Exercise requirements:
Whenever a line in the material below includes "auml", copy that line.

┌─ Records for this exercise

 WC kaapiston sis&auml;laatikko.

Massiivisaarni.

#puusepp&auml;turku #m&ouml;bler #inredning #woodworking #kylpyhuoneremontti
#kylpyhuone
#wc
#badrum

└─
┌─ Records for this exercise

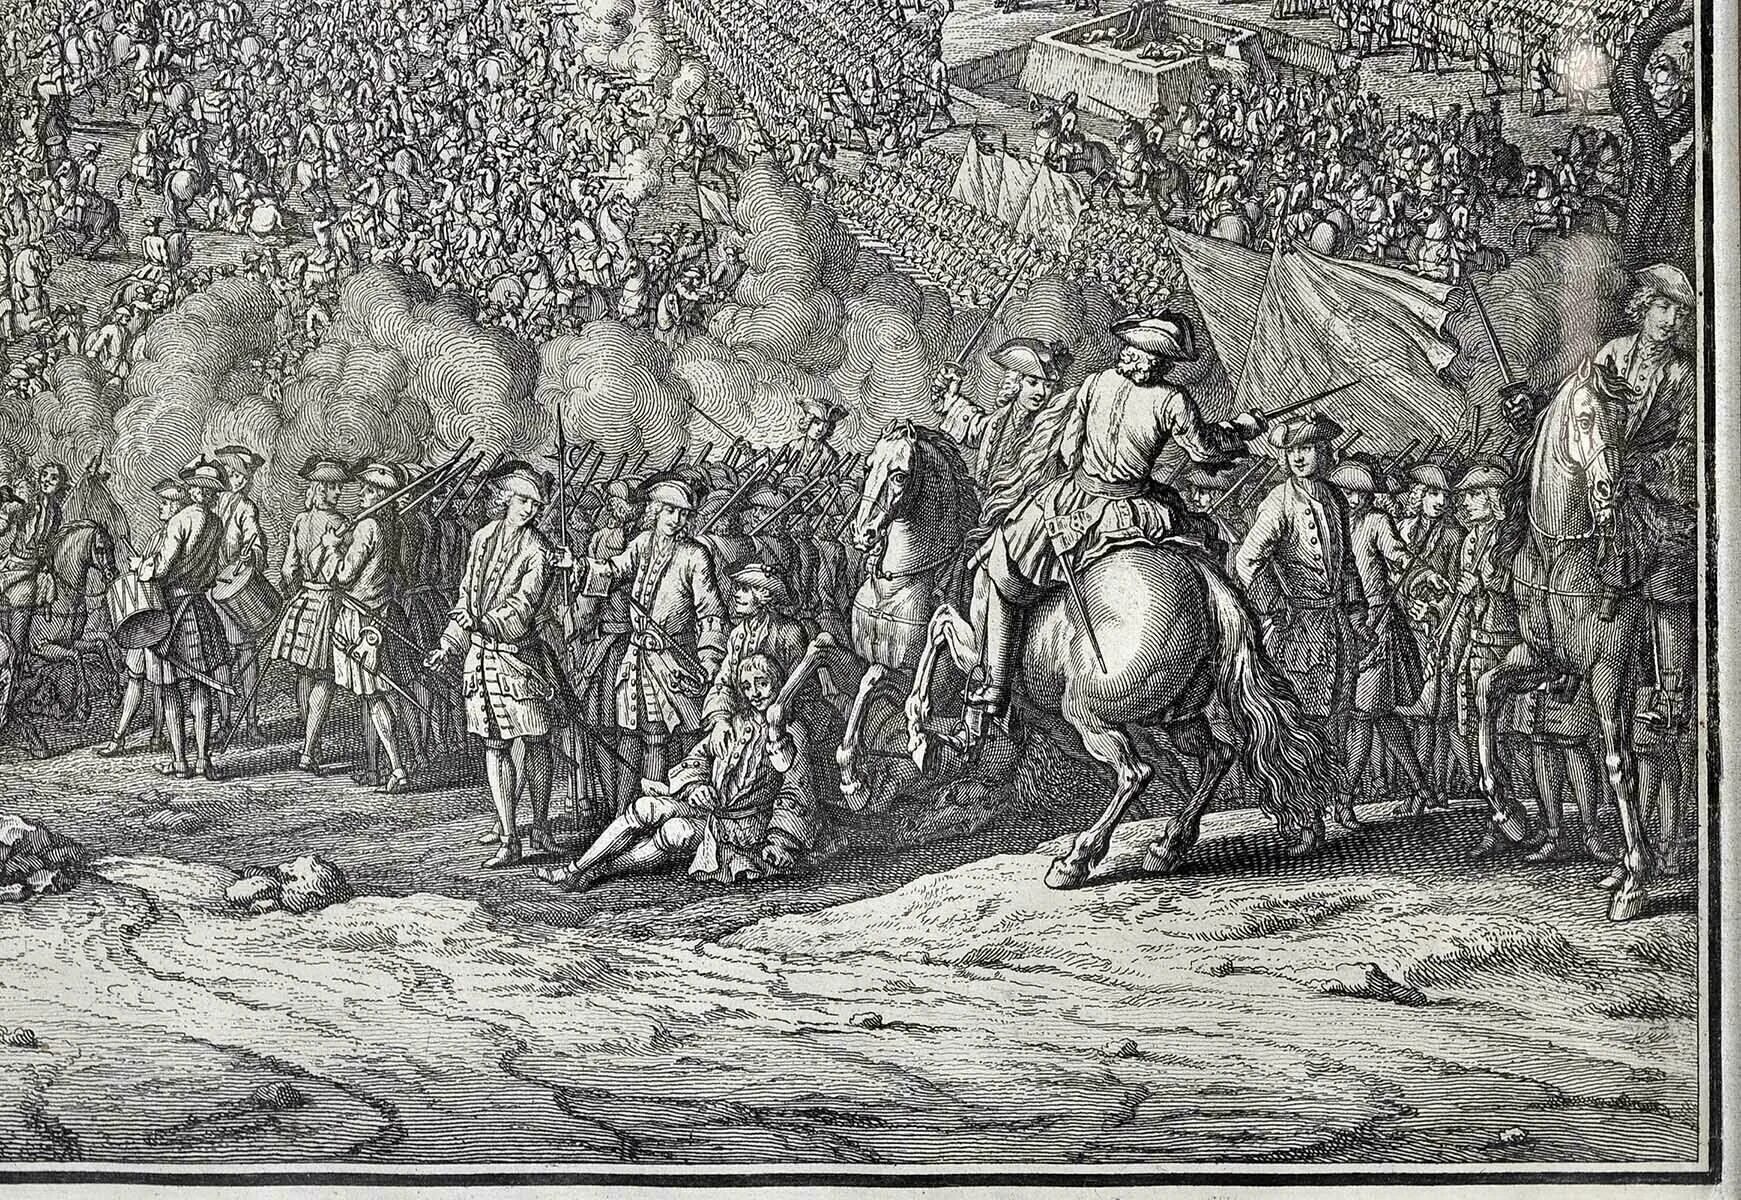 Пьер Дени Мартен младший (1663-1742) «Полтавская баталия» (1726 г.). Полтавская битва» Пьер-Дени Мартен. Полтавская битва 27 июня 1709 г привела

└─
┌─ Records for this exercise

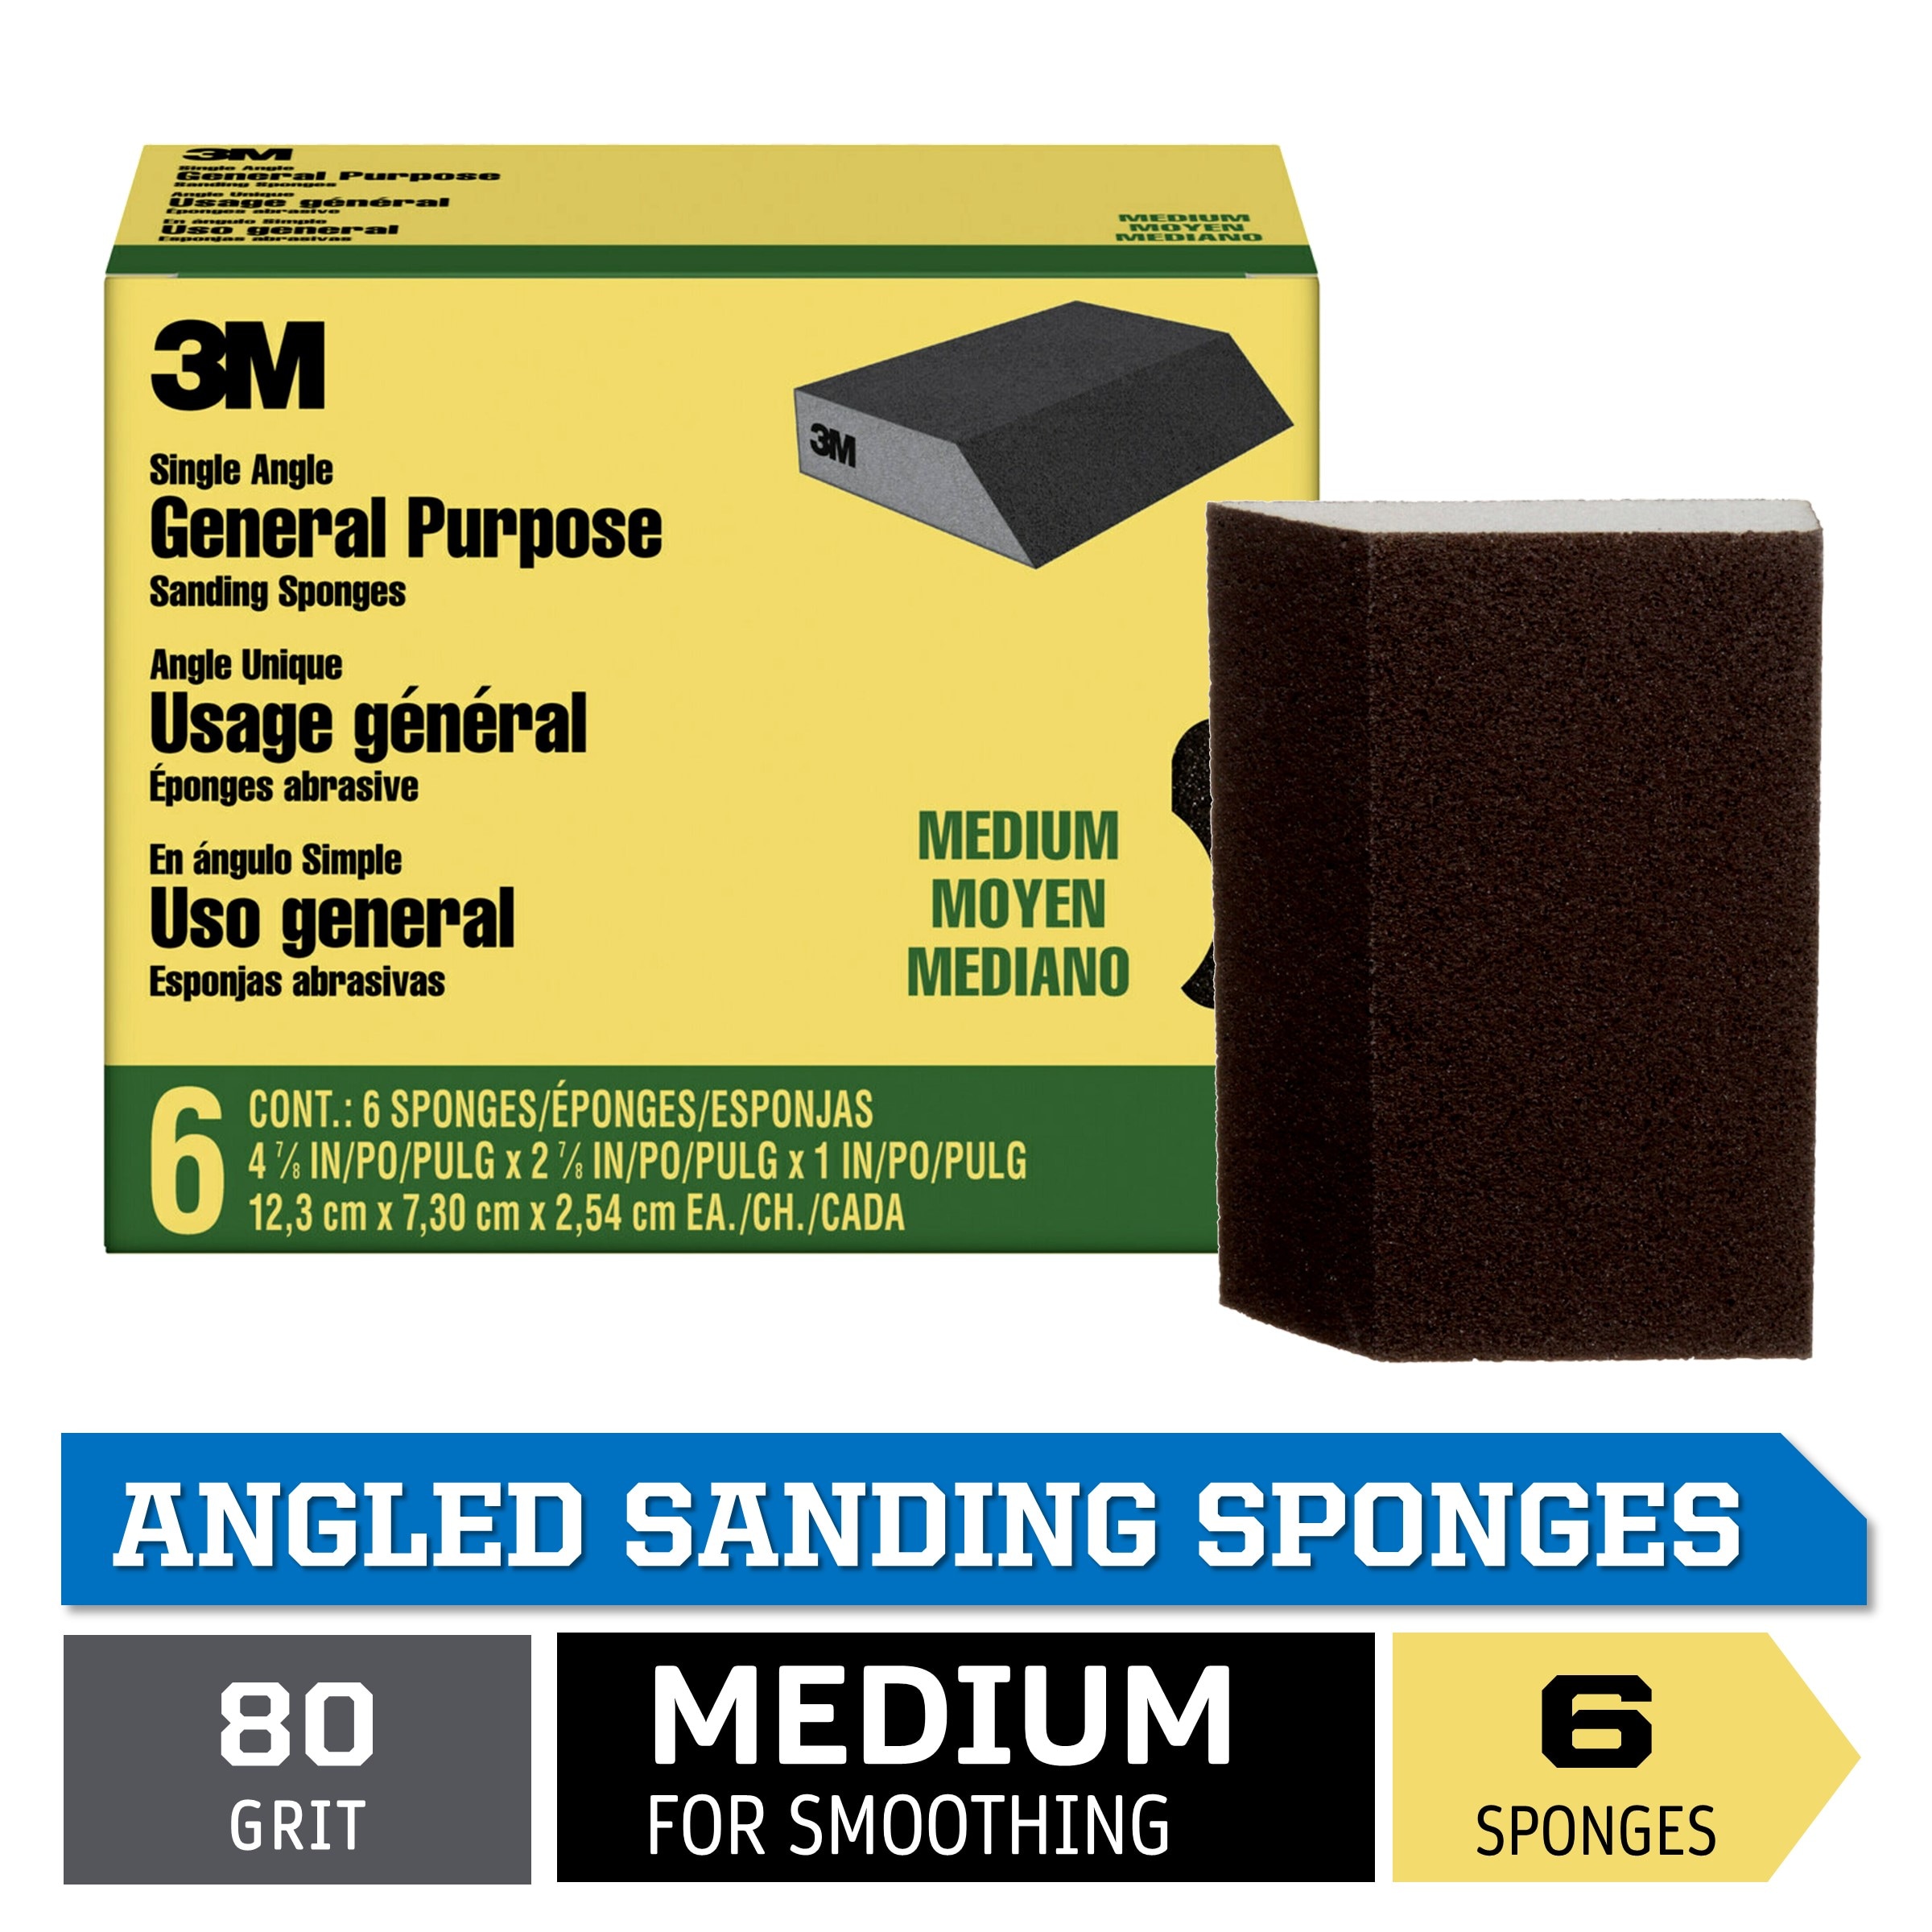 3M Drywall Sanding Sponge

└─

Solved exercise:
 WC kaapiston sis&auml;laatikko.
#puusepp&auml;turku #m&ouml;bler #inredning #woodworking #kylpyhuoneremontti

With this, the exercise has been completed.